Mon Jul 27 18:28:45 UTC 2015

Hello all, I’m having a problem with one of my Gluster volumes and would appreciate some help.  My setup is an 8-node cluster set up as 4x2 replication, with 20TB per node for 88TB total. OS is CentOS 7.1, there is 1 20 TB brick per node on its own XFS partition, separate from the OS. A few days ago one node in the cluster had a problem. The XFS mount went AWOL and as a result Gluster wasn’t able to communicate with it. The mount was completely frozen, we couldn't even do an un-mount. we shutdown Gluster as politely as possible with a “systemctl shutdown glusterd”, then proceeded to kill all the child processes that were left behind. We rebooted the server, restarted Gluster and it everything appeared ok.

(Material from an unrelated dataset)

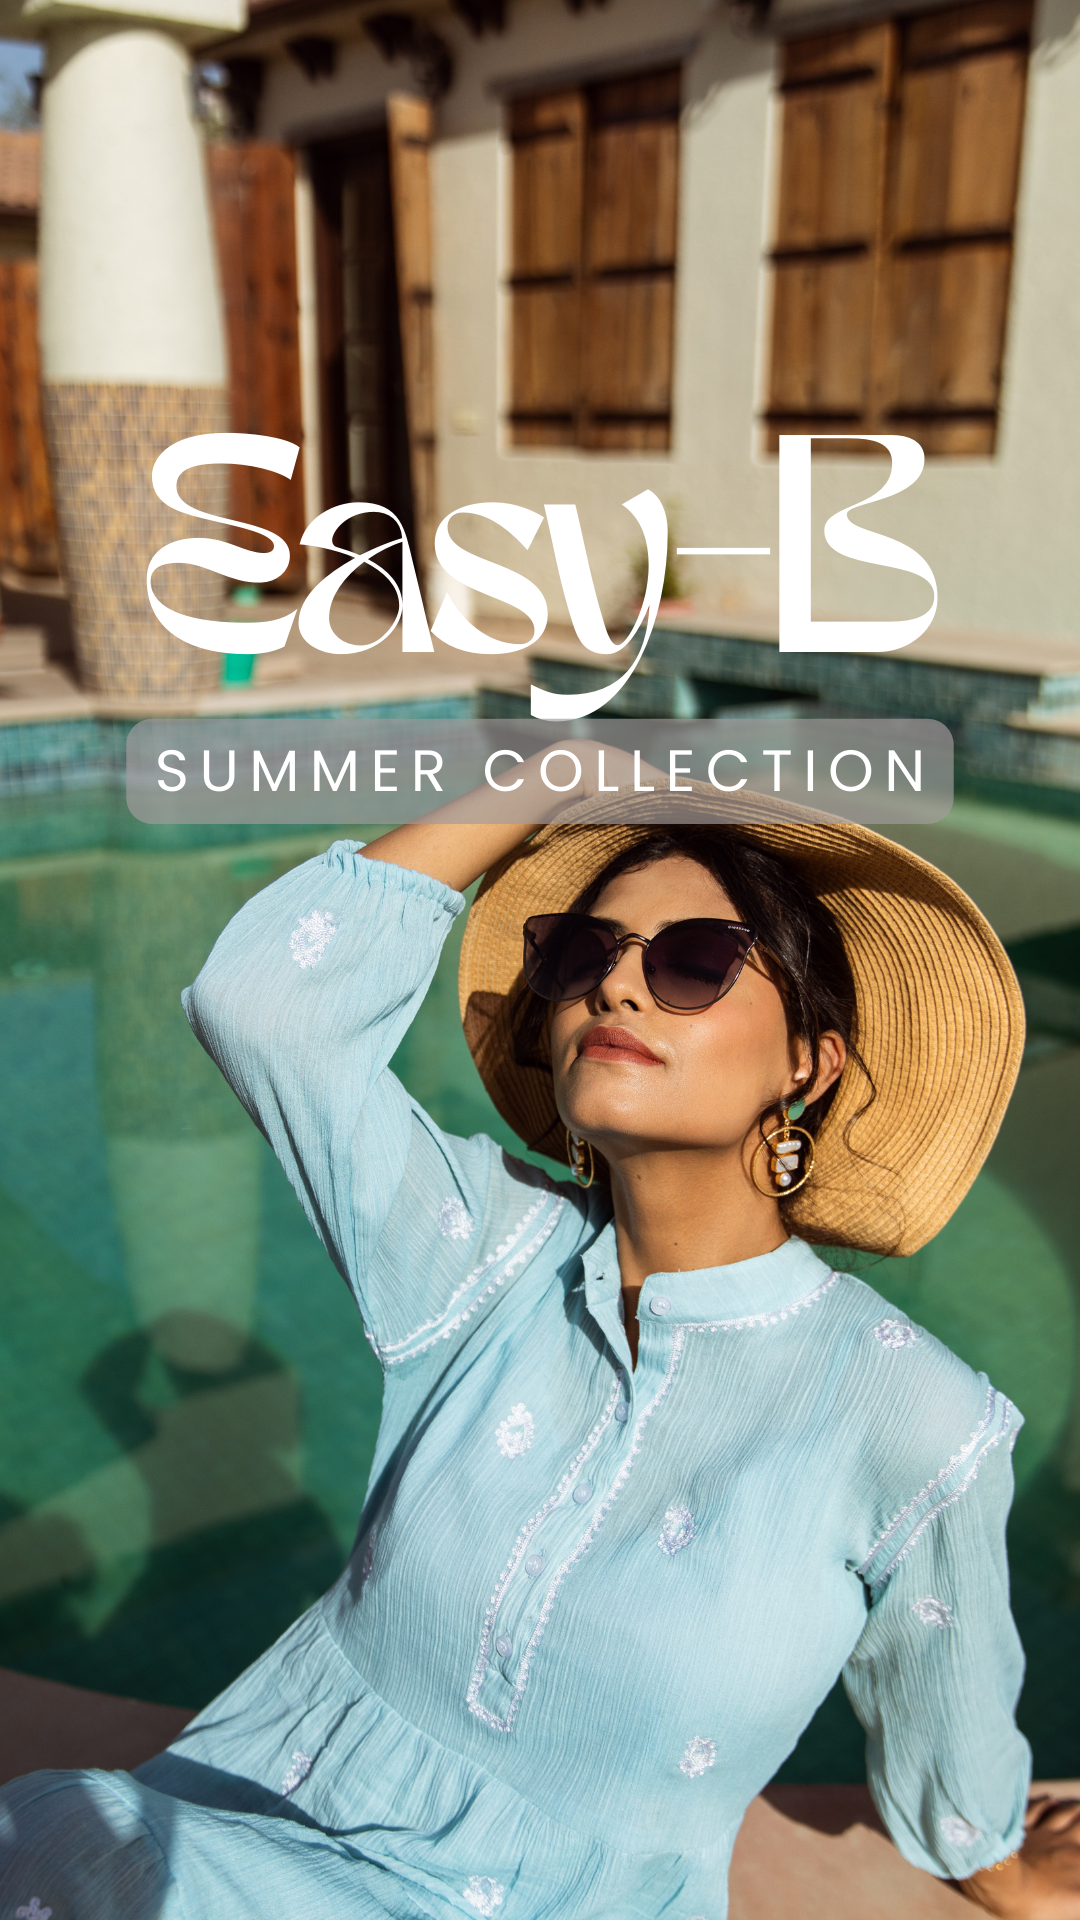 Easy B Summer Collection

The node then proceeded to start a fix-layout which we've become accustomed to after a node has a problem. “Gluster volume status” and heal-counts looked ok, but after some digging I found the brick process on the partner node had crashed. I did a “systemctl restart glusterd”, it restarted the brick process and the performance problems got better. The next day stability continued to degrade and after much digging I found it too was suffering from a hung storage mount. We rebooted the server and things improved for a bit however as Gluster attempted to heal itself performance degraded to the point of being unusable. After scanning the log files I found the host that is server our SAMBA access to this volume the logs were full of “All sub-volumes are down. Going off-line…”,. “gfid or missing entry self heal failed”. I suspect there are split-brain files however the “info split-brain” does not show them.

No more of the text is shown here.